NULLs, UNION ALL, and random sorting
Editor's Note:Send your experts-only T-SQL tips to Itzik Ben-Gan at blackbelt@sqlmag.com. If we use your tip in the magazine, you'll receive $100 and an exclusive T-SQL Black Belt shirt.
Sorting isn't always as simple as it seems. From time to time, T-SQL programmers receive requests for output sorted in a unique or unusual way and must handle both the logical aspects and the performance implications of those requests. For example, whenever you provide a sorting solution that involves NULLs, you must determine how to handle them. The sorting ideas of Alexey Rubana software engineer, developer, and DBA from Ukraineand SQL Server Most Valuable Professionals (MVPs) Fernando G. Guerrero and Tibor Karaszi motivated me to write this article.
Getting NULLs to Sort High
NULLs are special, no doubt. Like some children, they seem to require special care and attention. Sorting output by columns that allow NULLs is no exception. NULL stands for either an unknown or an irrelevant value. So, in general, you can't assume that one NULL is the same as another. For example, to find rows that have NULLs in a specific column, you might issue the following query:
SELECT * FROM T1 WHERE colwithnulls = NULL
However, according to the ANSI standard, you won't get any rows in the output, even if the colwithnulls column contains some NULLs. To get all rows that contain NULLs in a certain column, you must use the IS NULL clause instead of = NULL. Or, you can turn off the ANSI_NULLS session option so that SQL Server treats NULL comparisons that use an equals sign as if you had specified IS NULL.
Regardless of the ANSI_NULLS setting, certain operations (e.g., the UNIQUE constraint in SQL Server, GROUP BY, ORDER BY) treat NULLs as if they were equal to one another. The ANSI standard specifies that NULLs should sort into one group as if they were equal, but it doesn't specify whether NULLs should sort lower or higher than actual values (i.e., whether they should appear at the beginning or the end of the output). Therefore, different ANSI-compliant relational database management systems (RDBMSs) implement NULL sorting differentlysome placing NULLS at the end and some placing them at the beginning.

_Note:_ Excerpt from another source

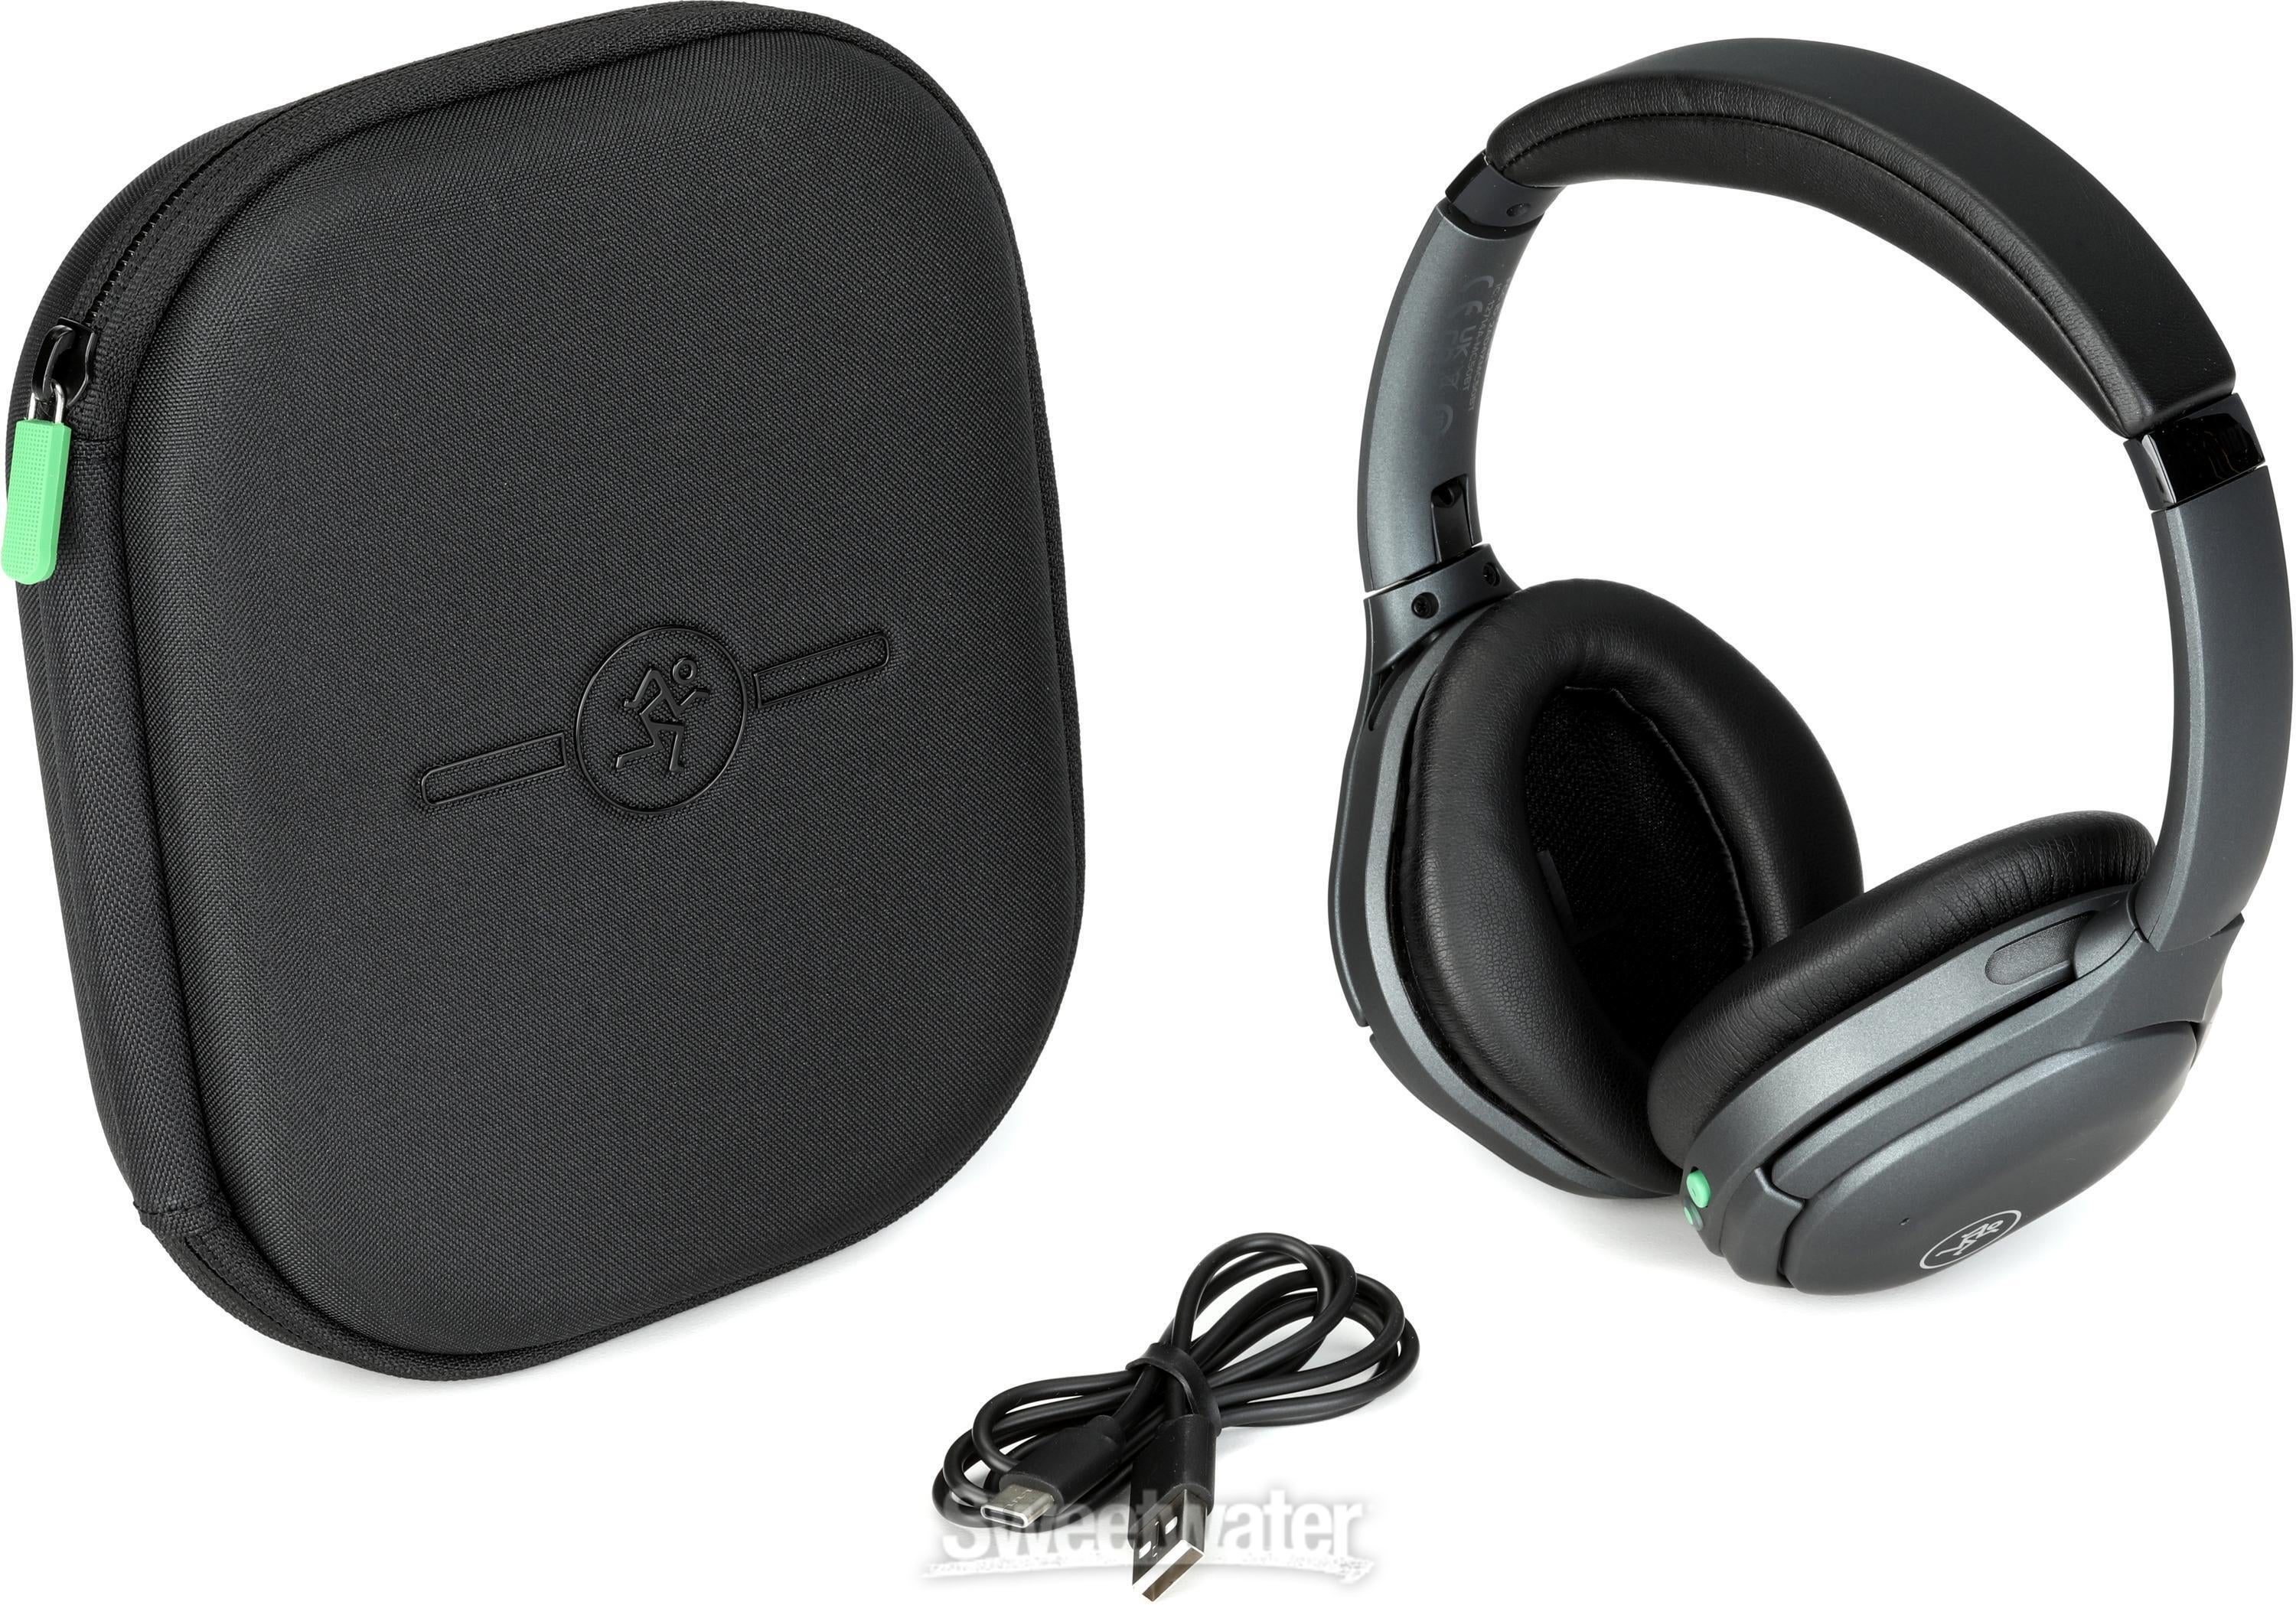 Mackie MC-50BT Wireless Noise-canceling Headphones with Bluetooth

SQL Server sorts NULLs as if they're the lowest value. For example, let's select all rows from the Publishers table in the Pubs database, ordering by state. Then, use a new SQL Server 2000 optimization technique, which lets you create indexes on computed columns, to put an index on the state column:
CREATE INDEX idx_nci_state ON Publishers(state)
SELECT * FROM Publishers
ORDER BY state
Figure 1 shows this query's execution plan. The query performs an ordered index scan on the idx_nci_state index you created. This scan, which improves the query's performance, prevents an explicit sort operation from taking place because the index is already sorted by the state column. Note that the Publishers table is very small. If the table were bigger, the optimizer might choose not to use an index. Using an index involves visiting a page to look up the data row for each key in the index, and the I/O involved might cost more than simply scanning the table and performing an explicit sort. Nevertheless, for this demonstration, the Publishers table's size is convenient.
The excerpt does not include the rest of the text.